Fast forward to 2001 and publication of the paper by Baudouin-Cornu et al. In this paper, links between environmental imprinting from fluctuating nutrient availability and atomic composition of assimilatory proteins are quantified. Using genome sequences from E. coli and S. cerevisiae, the authors show that carbon and sulfur assimilatory proteins have amino acid sequences that are depleted in carbon and sulfur side chains, respectively. This makes sense. Proteins high in carbon or nitrogen hardly would provide added fitness to an organism that often struggles to find enough of the nutrient to satisfy other fundamental cellular processes. Similar logic also explains why organisms tend to utilize smaller amino acids more frequently than larger ones: it takes more ATP to make a tyrosine than an alanine. Conversely, the pressure to “cost minimize” is less in organisms, like gut dwelling microbes, that have easy access to amino acids. It is not a perfect rule, but most of the time thermodynamic arguments explain a lot about why organisms do what they do. Fast forward again to Craig Venter’s genomic survey of select surface ocean sites (GOS). This (and now other) sequence data sets provided access to genomic information on organisms that inhabit various surface ocean biomes and, crucially, are largely difficult to isolate in pure culture.

What motivated the writing of the paper?

Last summer, I was sitting in my office writing a proposal. I can’t remember the specific topic, but I was thinking about cost-minimization mostly from the perspective of building proteins in cold environments and the challenges organisms face when it is cold: there is little access to organic carbon (food), and other environmental conditions hamper optimal living. I was re-reading Baudouin-Cornu, and there is a specific sentence in the paper in which the authors hypothesize that the phenomenon of cost-minimization might be a broader evolutionary strategy in resource-limited environments. I figured that organisms that did well in the oligotrophic parts of the ocean probably had mechanisms to reduce nitrogen usage and an easy place to start reducing nitrogen is by not making so many proteins or at the very least reducing the usage of arginine, histadine, lysine, asparagine, tryptophan and glutamine – amino acids with at least one added nitrogen on their side chains.

This is a good spot to introduce my co-author, Alex Dussaq.

Co-author, Alex Dussaq

Alex completed his honors undergraduate work in mathematics and biochemistry and was working with me on some coding and analysis projects. To follow Matthew’s example, the conversation that started this paper went like this:

Joe: Alex, I have an interesting idea I want to discuss in a proposal… do you think you can download all the GOS data and calculate the nitrogen, C, H and S atoms per residue side chain as in this paper (hand him Baudouin-Cornu) and then correlate those values with chlorophyll (a proxy for phytoplankton and thus primary productivity), NO3 and Fe. This would be just one figure in the proposal.

Alex: OK, sure that should be pretty easy.

Joe: My proposal is due next week so I need the numbers quickly.

Alex: Yeah, yeah.

Alex codes easier than most people write in their native language. By the way, Alex has moved on to a combined Ph.D./M.D. program at UAB through which he hopes to combine genomics research with new approaches to medicine. I have no doubt he will do unbelievably well in science.

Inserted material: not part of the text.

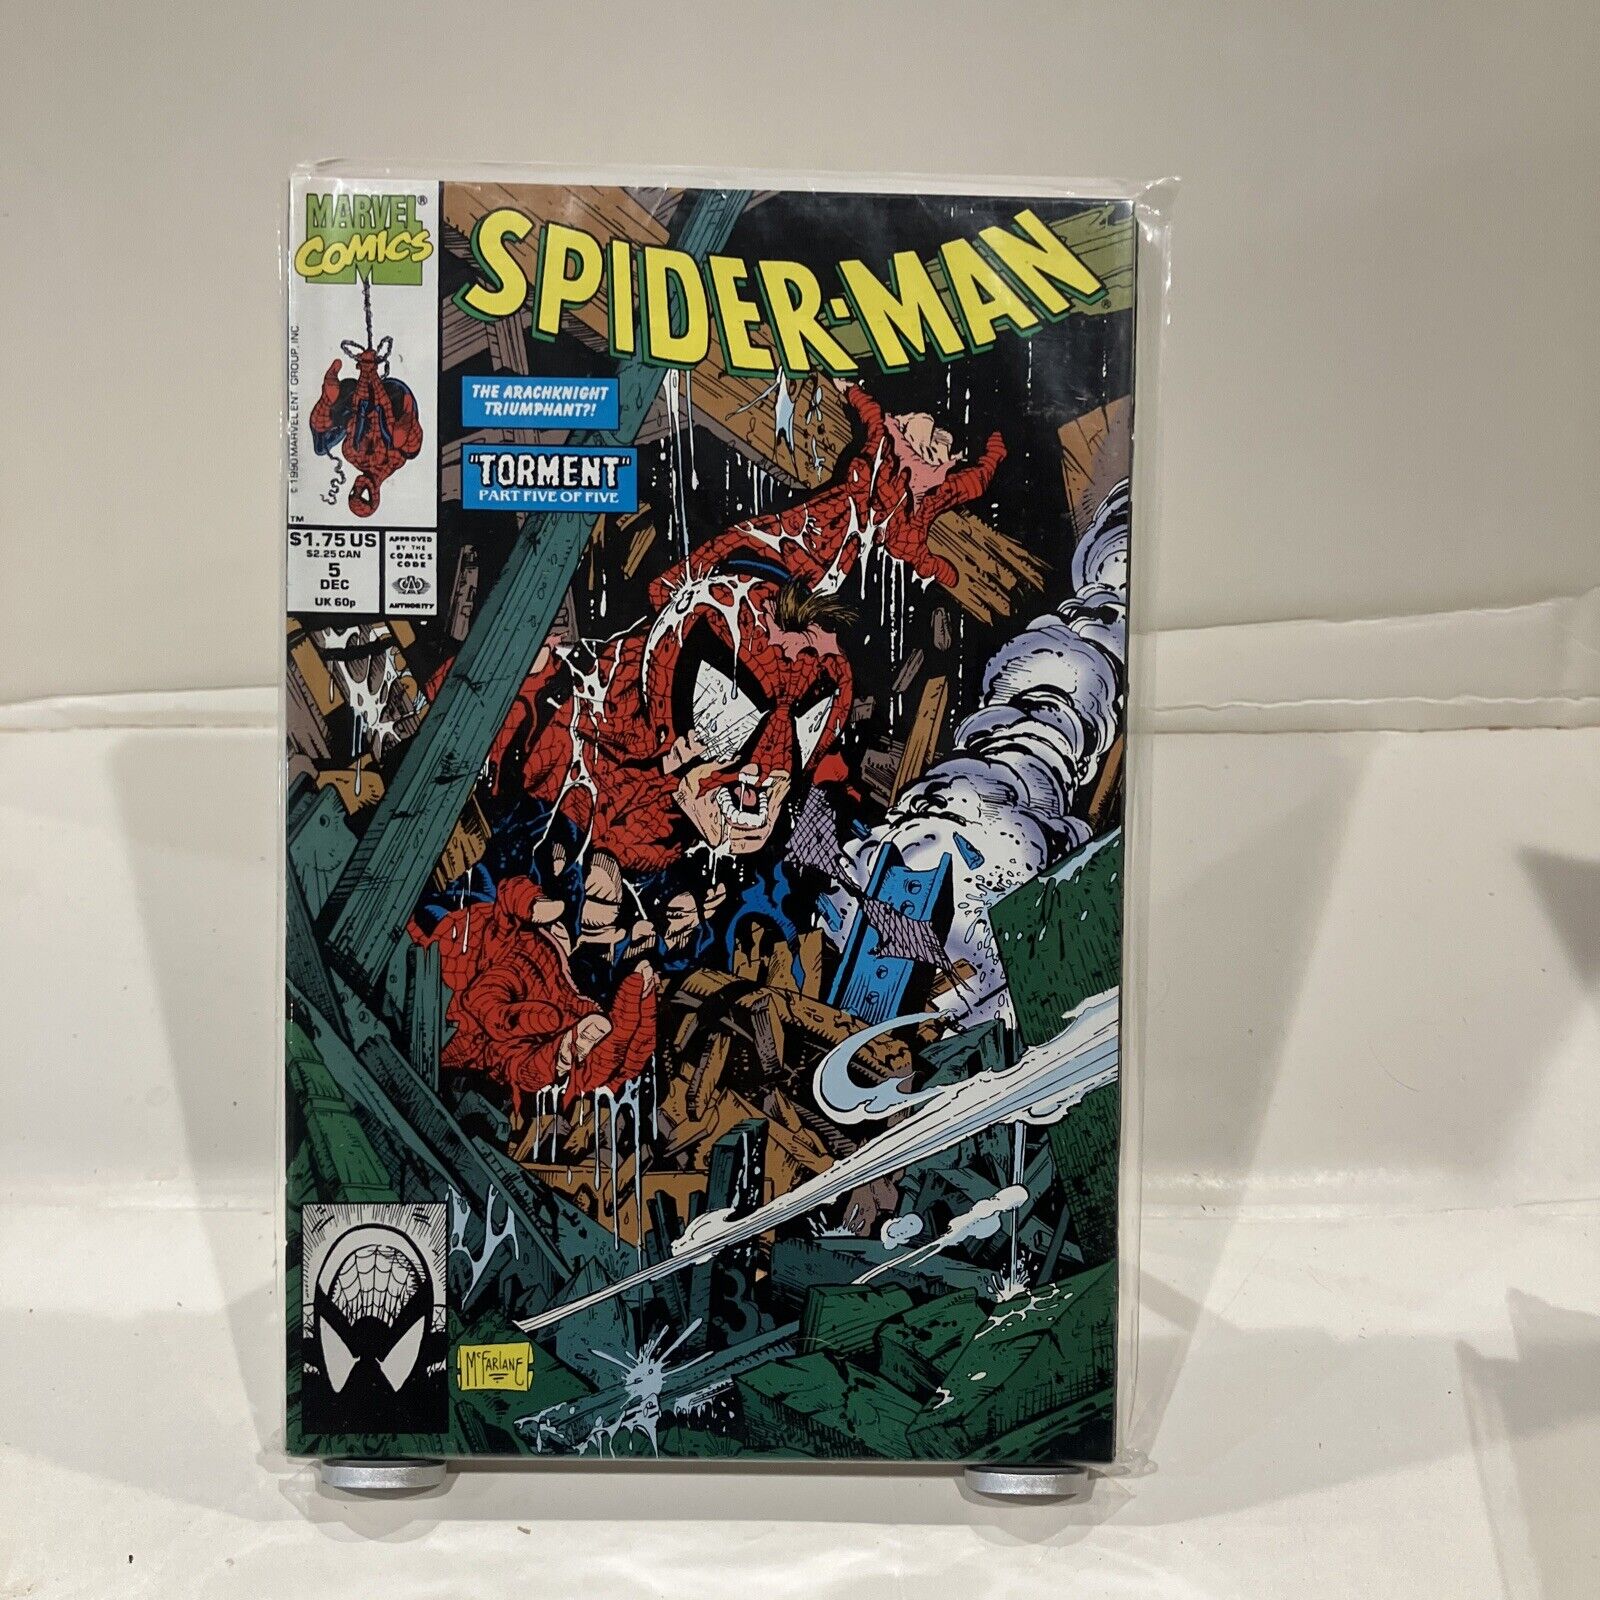 Spider-Man #5 (Marvel, December 1990)

I think that downloading organized data was initially more difficult than it should have been – we spend so much money generating data and so little taking care of it – but we had average values after a few days for several oligotrophic GOS sites and some coastal ocean GOS sites that were convincing enough to put in the proposal. Unfortunately, there are no great metadata – especially physical and chemical characterization of the GOS sites – so we used the “distance to continental land mass” as a proxy for nitrate concentration and oligotrophy (this stung us at first in review). After a week, Alex analyzed all the GOS data and a few important isolated, single organism genomes that factor in the story. After a little less than a month, we had a draft of a two-page brevia that we submitted to Science. It was a simple story that showed data from coastal and open-ocean GOS sites. We found a clear relationship between frequency of nitrogen atoms in side chains of proteins and distance from continental land mass (a proxy for nutrient availability as there are lots of nutrients running off our land). The main conclusion of the paper was that organisms living in oligotrophic oceans tend to have reduced nitrogen content of proteins. Kudos to Alex for some great work.

What was the larger context for the initial findings?

We tried to write the paper from a broader evolutionary and biogeochemical perspective (and used the aforementioned paper by Paul Falkowski as a model). We talked about the implications of organisms in the ocean that are under selective pressure to cost minimize with respect to nitrogen. I’d be happy to share the original submission with anyone who wants to see the evolution of a paper; just contact me. I’d post it here, but Jonathan might charge me for the bytes given how long this is turning out to be. Great reviews make good stories that are decently executed a lot better.

How did the reviewers react?

When reviews of a paper are longer than the original submission, you have an indication that the paper prompted some thought. We received three comprehensive reviews to a two-page paper that contained one main figure and some supplemental material. Given that I didn’t think we could spend time on the subject, we attempted to be brief, too brief especially when compared to the final open access result in ISME. Next, I’ll review some criticisms of the nitrogen cost-minimization hypothesis (having our paper handy will be helpful):

1. Nitrogen cost minimization by simply looking at the predicted proteomes of organisms or environmental genomes assumes that all proteins are made de novo when salvage pathways and dissolved free amino acids (DFAAs) and higher mol. weight/energy compounds are utilized.

Looking at predicted proteomes is indeed a simplification in much the same way that analyzing codon usage frequencies was a simple way to identify with varying degrees of certainty highly expressed genes. No doubt, organisms have multiple methods to acquire the energy they need – especially when under rate-limiting conditions. For example, the pervasive transfer of proteorhodopsin to many different marine microbes presumably helps overcome some nutrient limitation situations by providing added energy from the sun (in the form of a proton gradient), perhaps to aid in transport. The predicted proteome analysis just says that organisms that live in low N waters have lower frequencies of N in their side chains than organisms in the coastal ocean (or in say a sludge metagenome). It doesn’t discount the importance of gene expression, the fact that cells are not “averages” of the genome, etc. None of that really fits into a two-page paper.

2. In our paper, we used the diazotroph Trichodesmium as a model open-ocean organism that was severely N-cost-minimized and compared this to similar success of the SAR11 organism, Pelagibacter ubique. We were criticized because N-fixation should help an organism overcome any N stress.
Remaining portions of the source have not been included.